Reload the data into the z table from the file.

1) delete from ztab.

2) call function GUI_UPLOAD/ open dataset/tranfer/close dataset to upload file data into internal table.

3) modify ztab from itab.

Regards,

Ravi

Former Member · ‎05-15-2006

Hello Frederick,

What do you mean by use package size in select statement..Can you tell me exactly how it will help in my case??..

Thanks,

David.

Former Member · ‎05-15-2006

David,

This thread is a duplicate of an earlier thread by you.

What ever became of this solution?

data: TheLine(100).

data: op(100).

data: ctr type i.

data: begin of data_tbl occurs 10000,

TheCustomer like CUST-kunnr,

SalesForWeek(10) type n,

end of data_tbl.

open dataset p_filename for input in text mode encoding default.

if sy-subrc <> 0.

concatenate 'File: ' p_filename ' was not found. Exiting.'

into op separated by space.

write:/ op.

exit.

endif.

ctr = 0.

do.

read dataset p_filename into TheLine.

if sy-subrc <> 0.

exit.

endif.

ctr = ctr + 1.

Do your DB work here.

move TheLine+0(10) to data_tbl-TheCustomer.

move TheLine+10(10) to data_tbl-SalesForWeek.

append data_tbl.

if ctr > 10000.

update CUST from table data_tbl.

clear data_tbl. refresh data_tbl.

ctr = 0.

endif.

enddo.

close dataset p_filename.

Former Member · ‎05-15-2006

Hello John,

By breaking the file i wont be able to improve performance as i will still be comparing all the million records and i guess that will be a performance issue. U suggested to break the file but still we will be looping all of them in the end..

Ne other advise plzzz as i need this to be done urgently. I would really appretiate any good option here..

Thanks in advance,

David

Former Member · ‎05-15-2006

David,

No... my advice was not to "table up" the data into an internal first. But rather to process each record as it is physically read from the file (in the DO... ENDDO loop).

In short though, you WILL have some performance issues IF you need to process each record. It is simply a fact!!

Your Basis team and Operations staff can probably assist from an execution side to identify a server that has available processor time, etc.

Your job as a developer is maximize the efficiency the code. And if you need to read EACH record (and it sounds like you do), you MUST loop through it!!

The only real gains can be made in the processing AS IT IS READ from the file, and then using an UPDATE from an internal table (as cited in my example).

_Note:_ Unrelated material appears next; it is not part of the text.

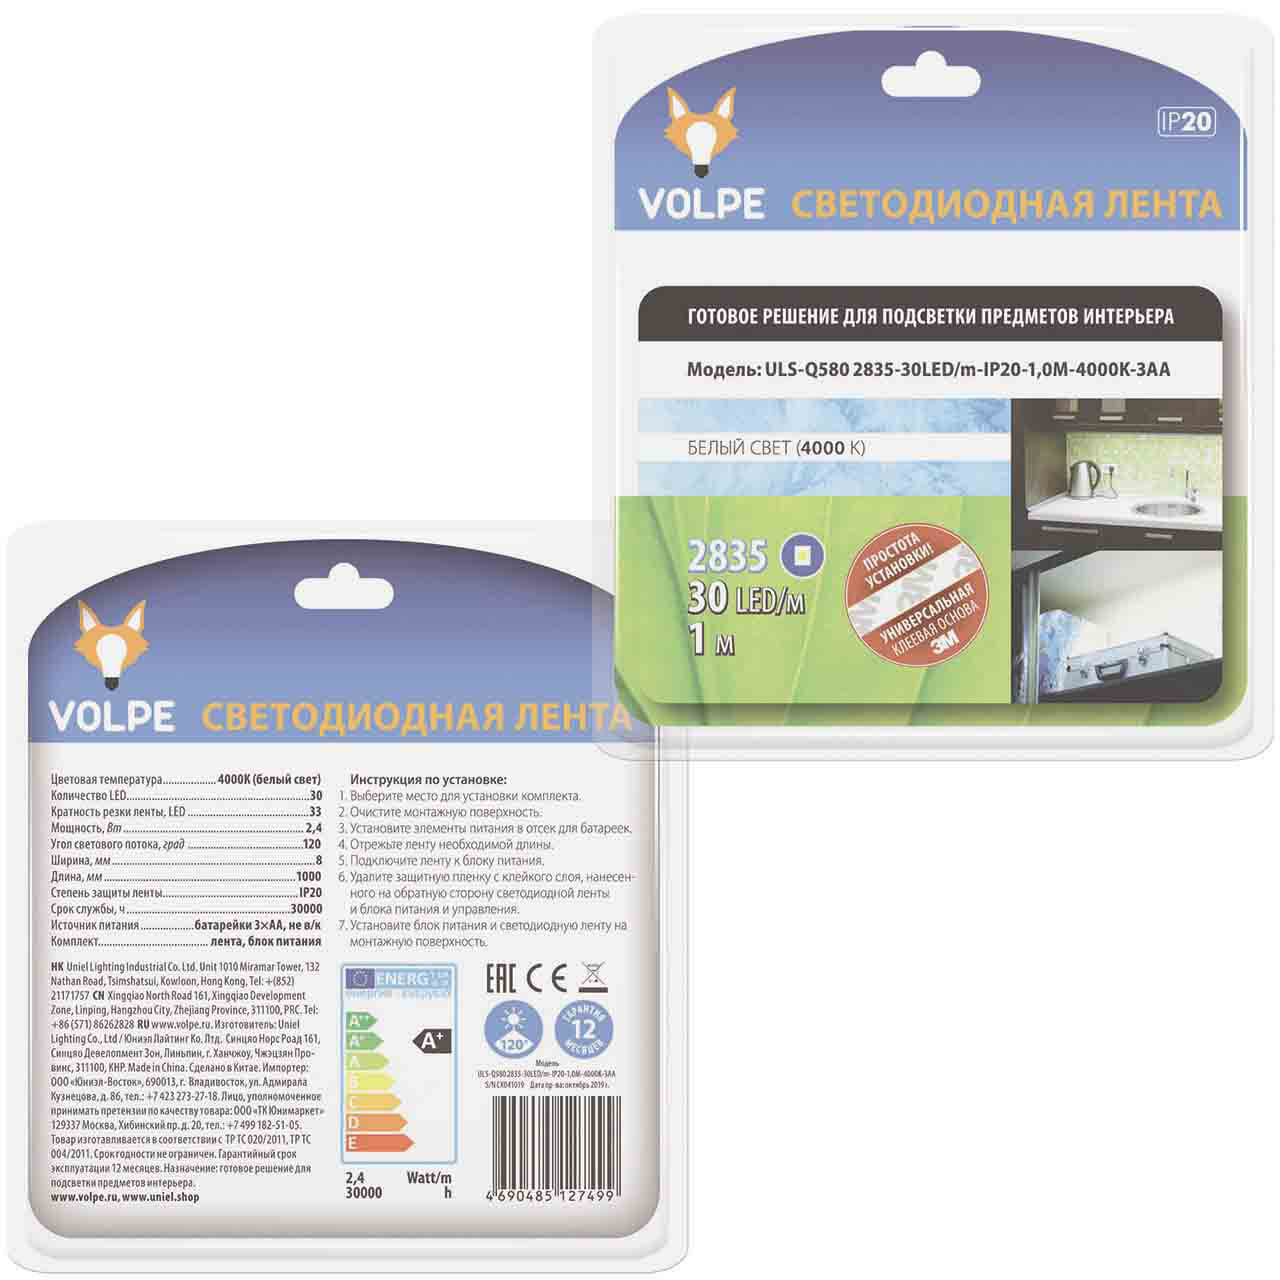 Светодиодная лента Volpe ULS-Q580 2835-30LED/m-IP20-1,0M-4000K-3AA ULS-Q320

Former Member · ‎05-15-2006

Hello John,

My question to you is by read record by record within the DO...Enddo how are we doing nething different..In effect we will still be reading all the records and comparing them with the custom table..So how is it different from taking it in internal table and then looping it..I just want to know how we are improving performance and efficiency in the code..

Thanks,

David.

Former Member · ‎05-15-2006

David,

You are improving efficiency because you are only looping thru the records INSTEAD of twice.

If you read the file with a DO loop and add to an internal table, you have made one full pass of the data.

Now... you must loop thru the internal table a SECOND TIME and process the same data. Hence, you have wasted execution time.

In addition, appending to an internal table (especially a large one) takes a great deal of work on the processor's side. Again, you are removing extra work on the system.

Former Member · ‎05-15-2006

David,

I am hopeful that my explanation above has clarified the processing of 14M records vs 7M records (when an internal table is not used).

Please let me know if it has not clarified the concept.

Former Member · ‎05-15-2006

Hello John,

I have one more question..If i read directly within Do..Enddo then to compare to the database i have to do another read.. Also there will be some records missing in the file that have been disabled, i have to identify those records and disable the flag for those records in the custom table. how can i satisfy all 3 conditions modify changed data, insert new records and disable records not in file.

Thanks in advance,

David.

Former Member · ‎05-15-2006

"how can i satisfy all 3 conditions modify changed data, insert new records and disable records not in file."

Same as you would if you used an internal table for the main processing loop.

In the DO loop, determine what operation (change, insert, or delete) needs to be performed in each record and then process accordingly. IF statements should get you through that.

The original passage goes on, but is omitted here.